October 16, 1939–March 26, 2015

by JWA Staff
Our work to expand the Encyclopedia is ongoing. We are providing this brief biography for Naomi Weisstein until we are able to commission a full entry.

Naomi Weisstein. ©Virginia Blaisdell.

Naomi Weisstein’s career ran the gamut from feminist rock musician to groundbreaking psychologist to stand-up comedian.
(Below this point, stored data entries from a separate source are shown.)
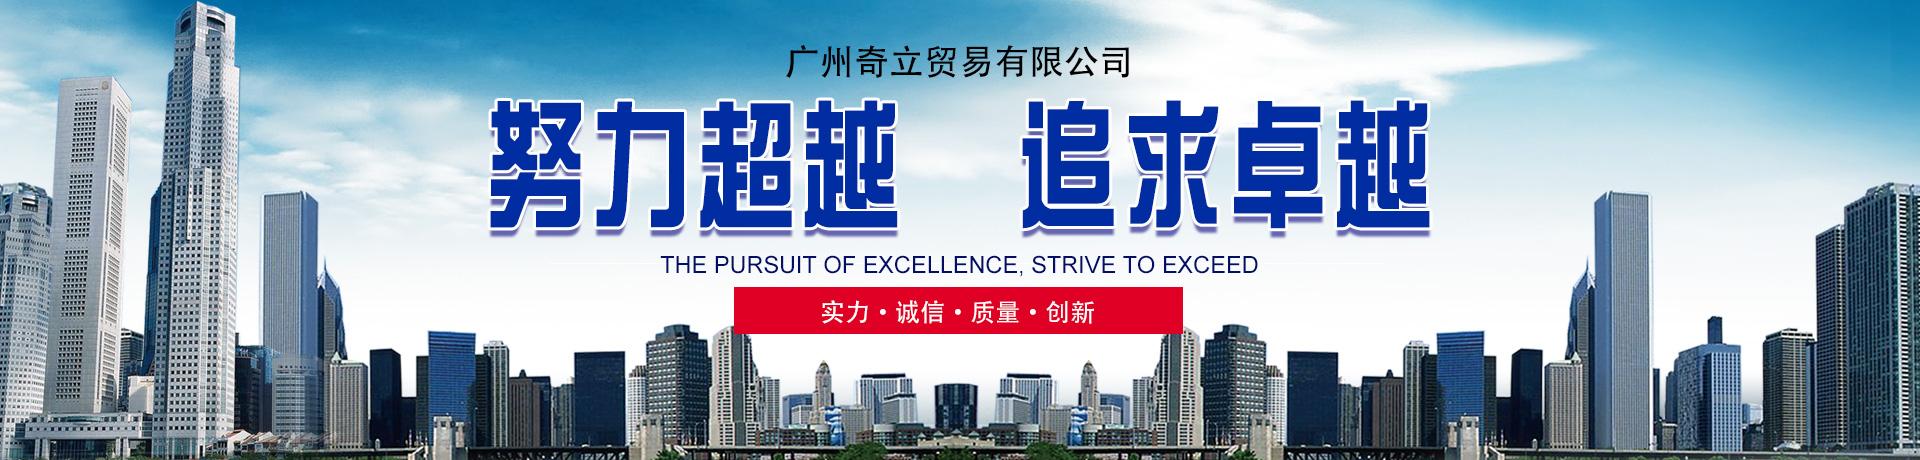 广州奇立贸易有限公司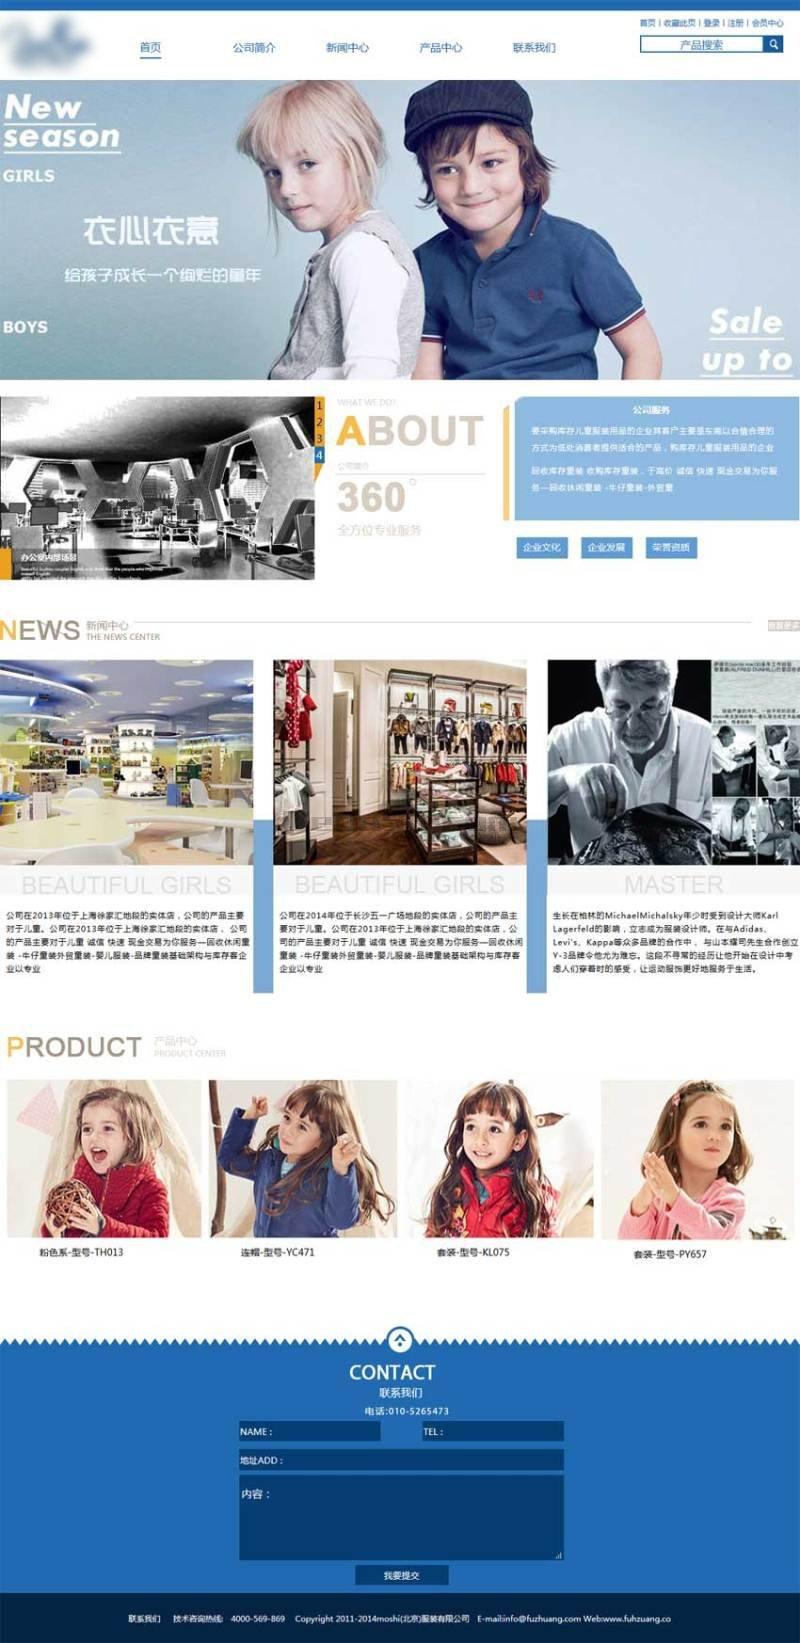 蓝色的儿童服装公司网站html模板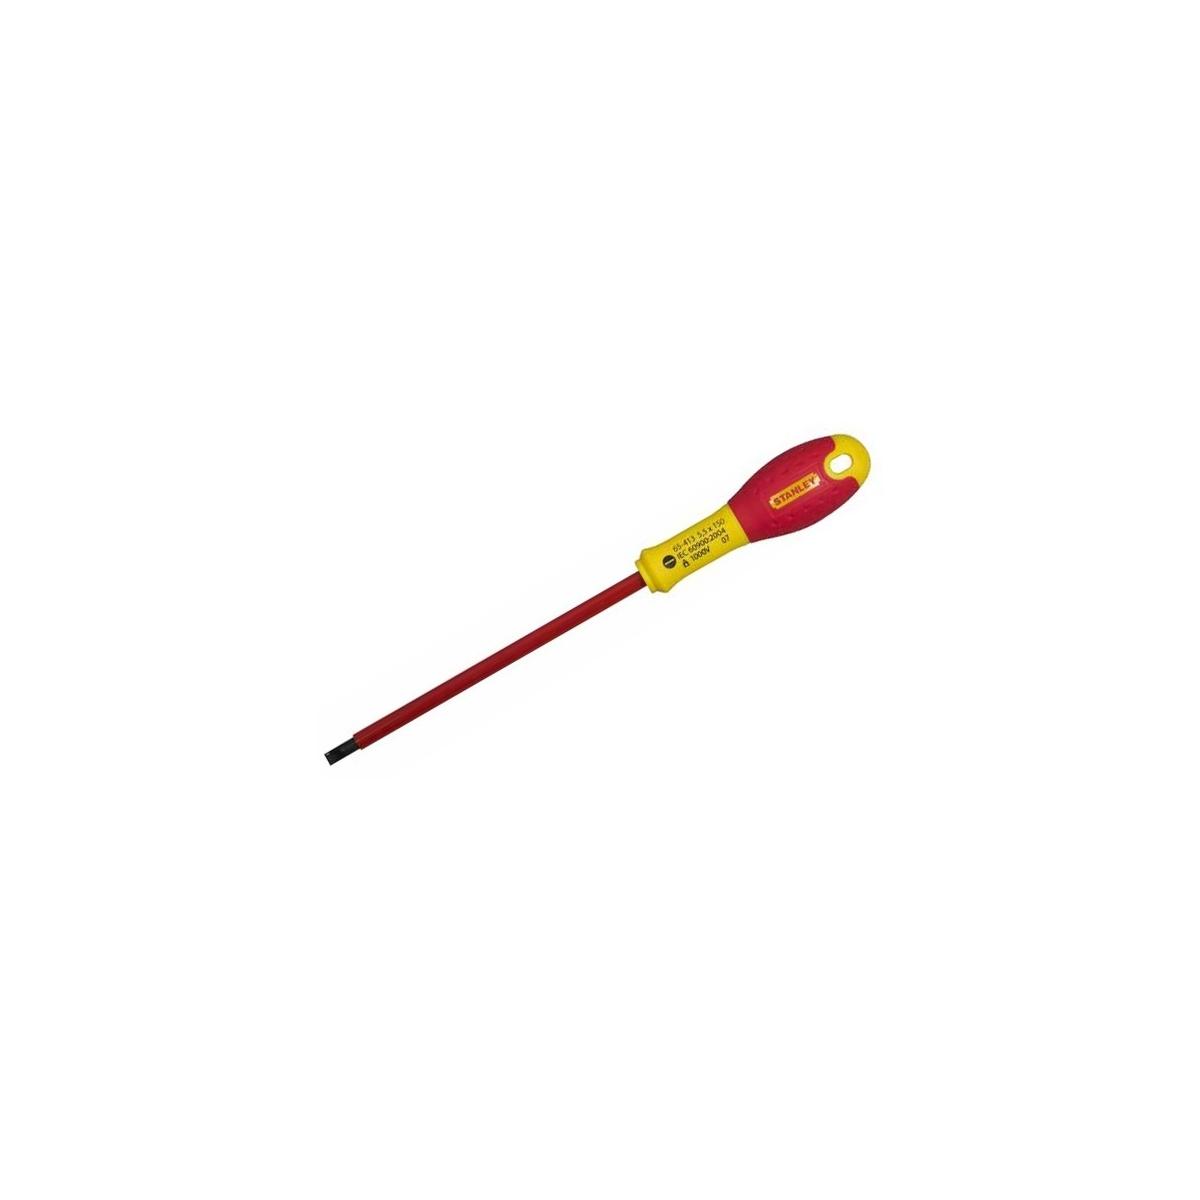 WKRĘTAK FATMAX VDE PŁ 3.5*75MM Wkrętak płaski Fatmax 3,5 x 75 mm STANLEY - 654110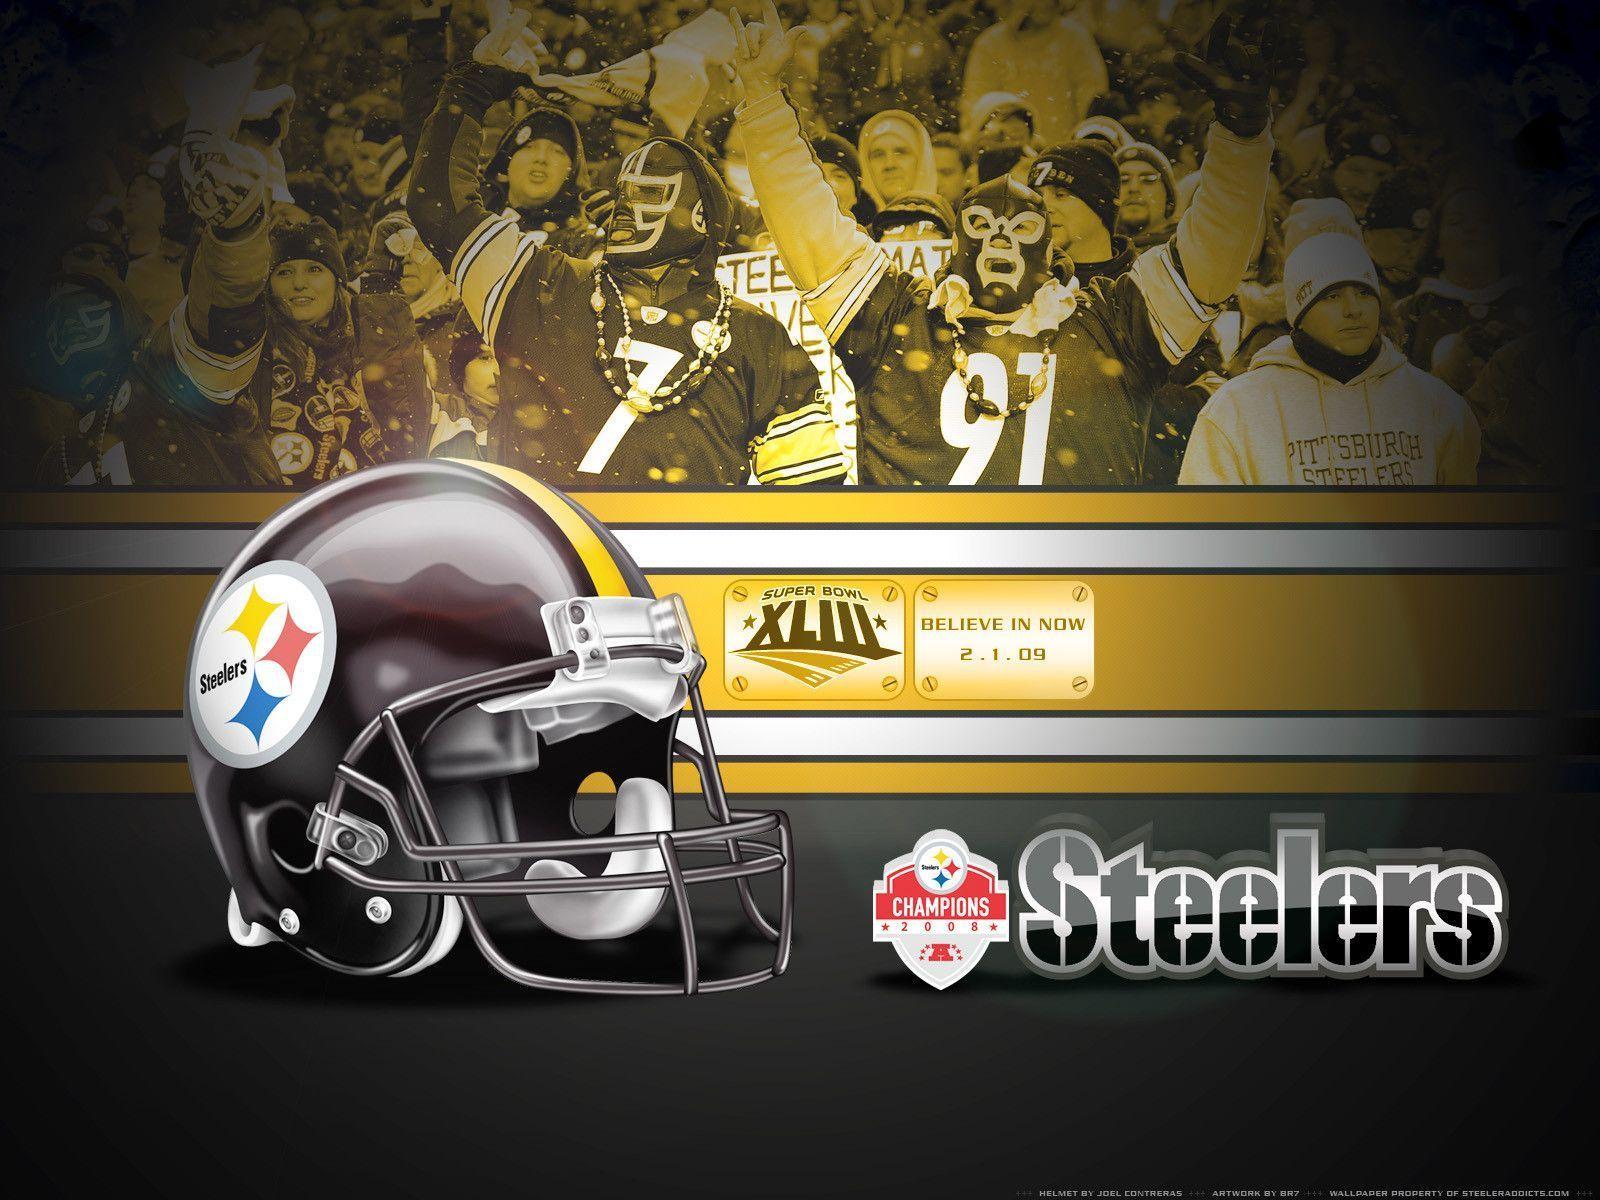 Steelers Wallpaper Hd Pittsburgh Steelers Wallpaper Hd Pixelstalk Net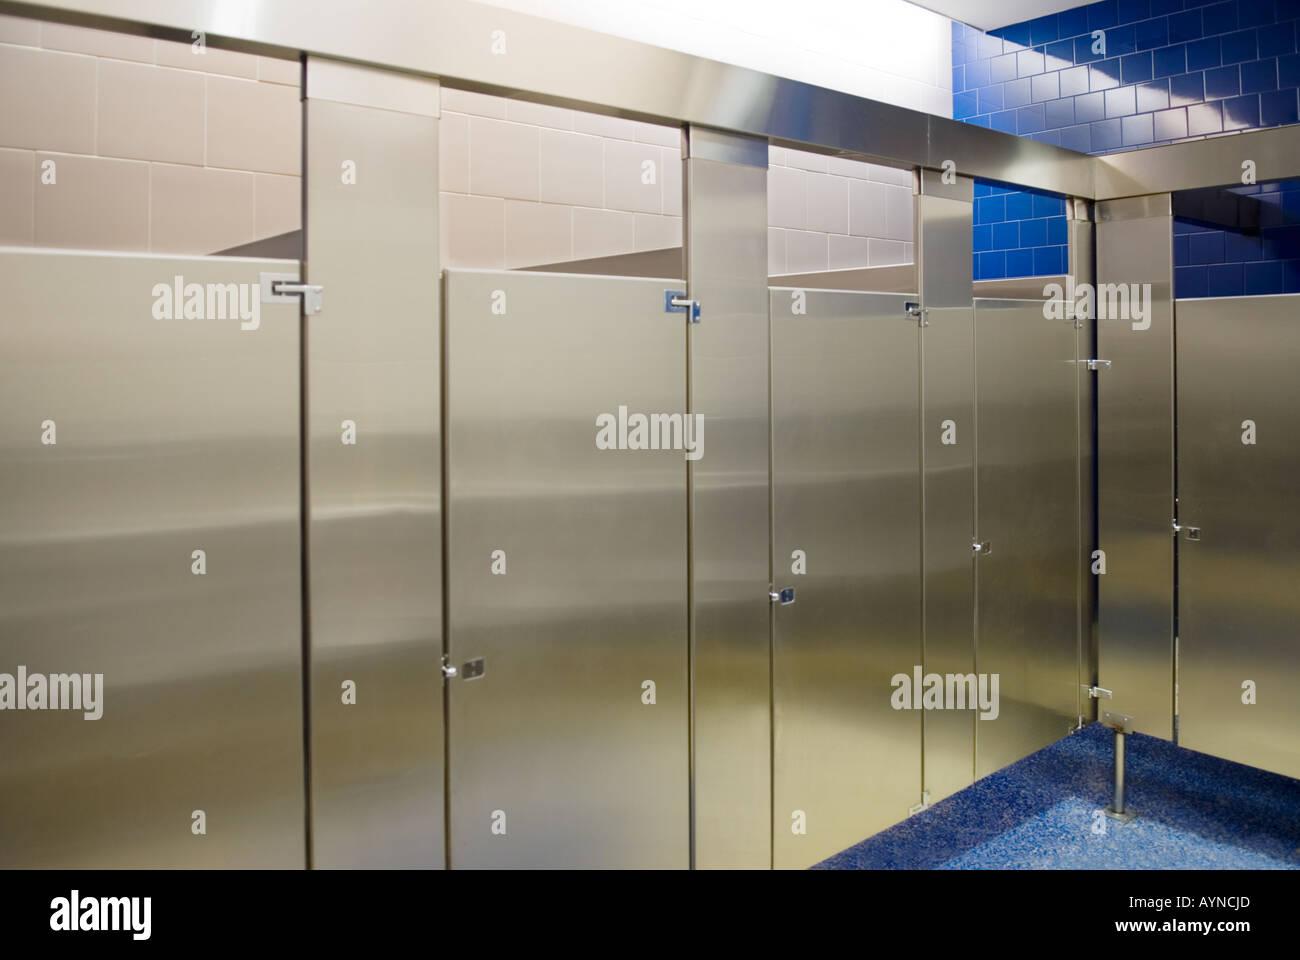 Il bagno pubblico si spegne tutto occupato Foto & Immagine Stock ...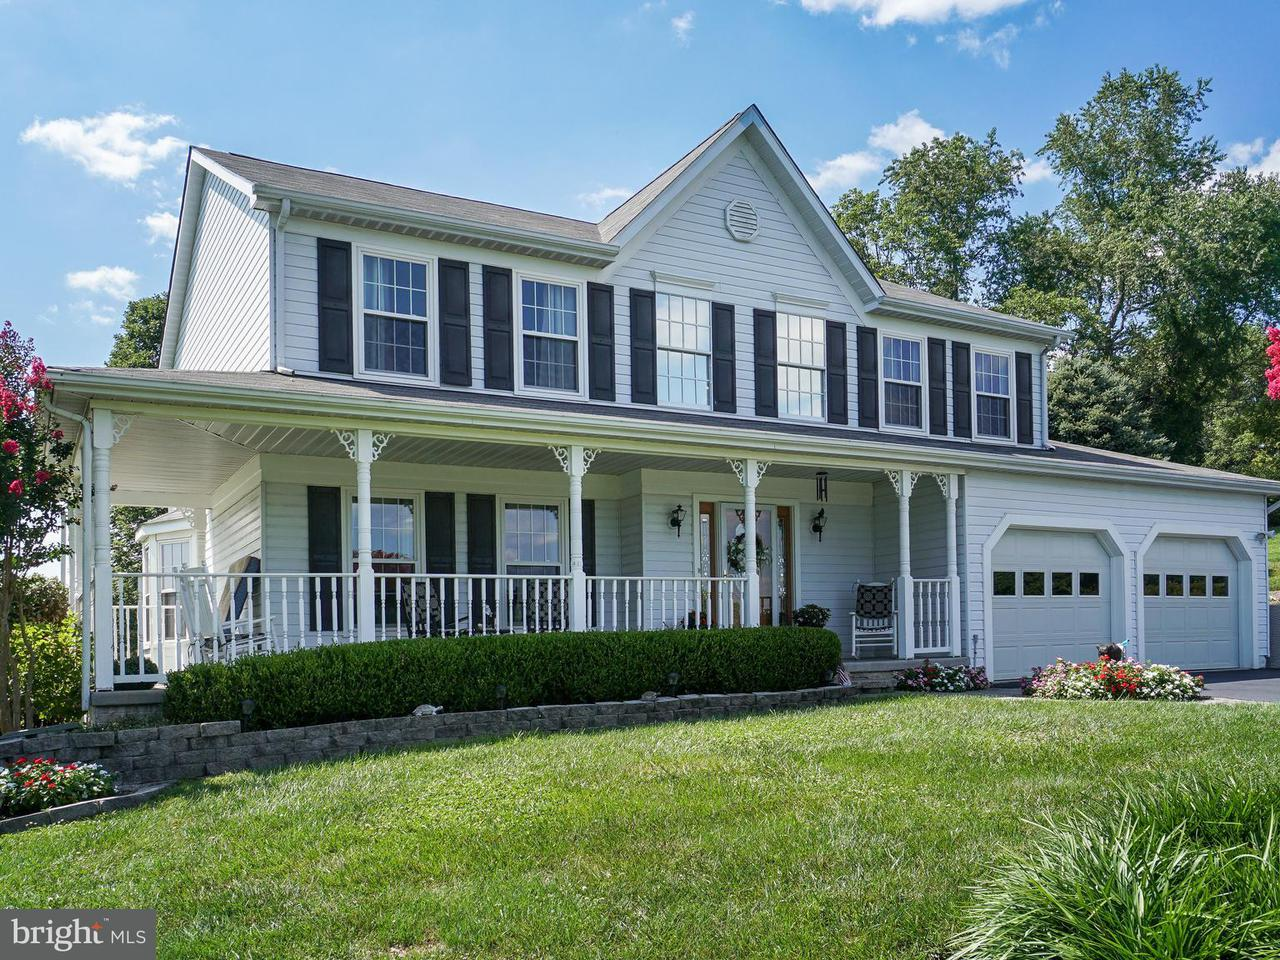 一戸建て のために 売買 アット 3202 PEDDICOAT Court 3202 PEDDICOAT Court Woodstock, メリーランド 21163 アメリカ合衆国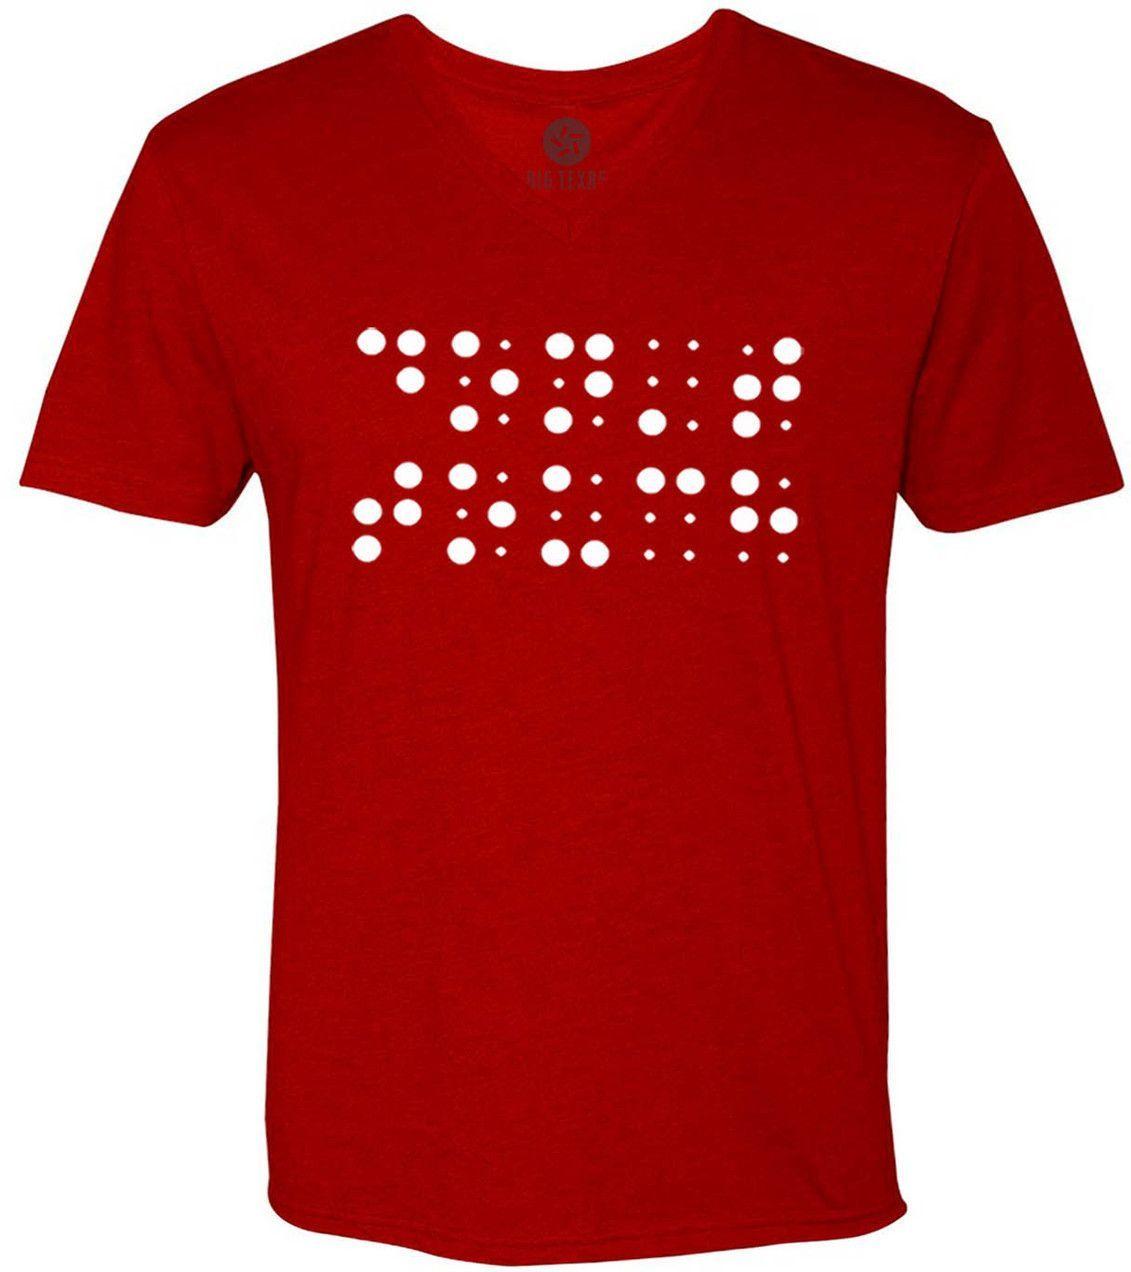 Dont Touch Braille (White) Short-Sleeve V-Neck T-Shirt

Frustrated by the negativity towards women that she saw both in academia and in pop culture, Weisstein formed the funky, irreverent Chicago Women’s Liberation Rock Band while working on a post-doc in mathematical biology at the University of Chicago. She also helped found American Women in Psychology in 1970, which later became Division 35 of the American Psychological Association. In her pioneering 1968 essay, “Kinder, Küche, Kirche as Scientific Law: Psychology Constructs the Female,” she argued that psychology imposed cultural myths and ideologies on women without ever scientifically investigating what women actually thought or felt. Throughout her career, she straddled popular culture and serious scholarship, earning a Guggenheim and teaching at various institutions while working as a feminist cartoonist and stand-up comic. Despite being bedridden with Chronic Fatigue Syndrome, she continued to collaborate with colleagues on experiments in neuroscience for many years.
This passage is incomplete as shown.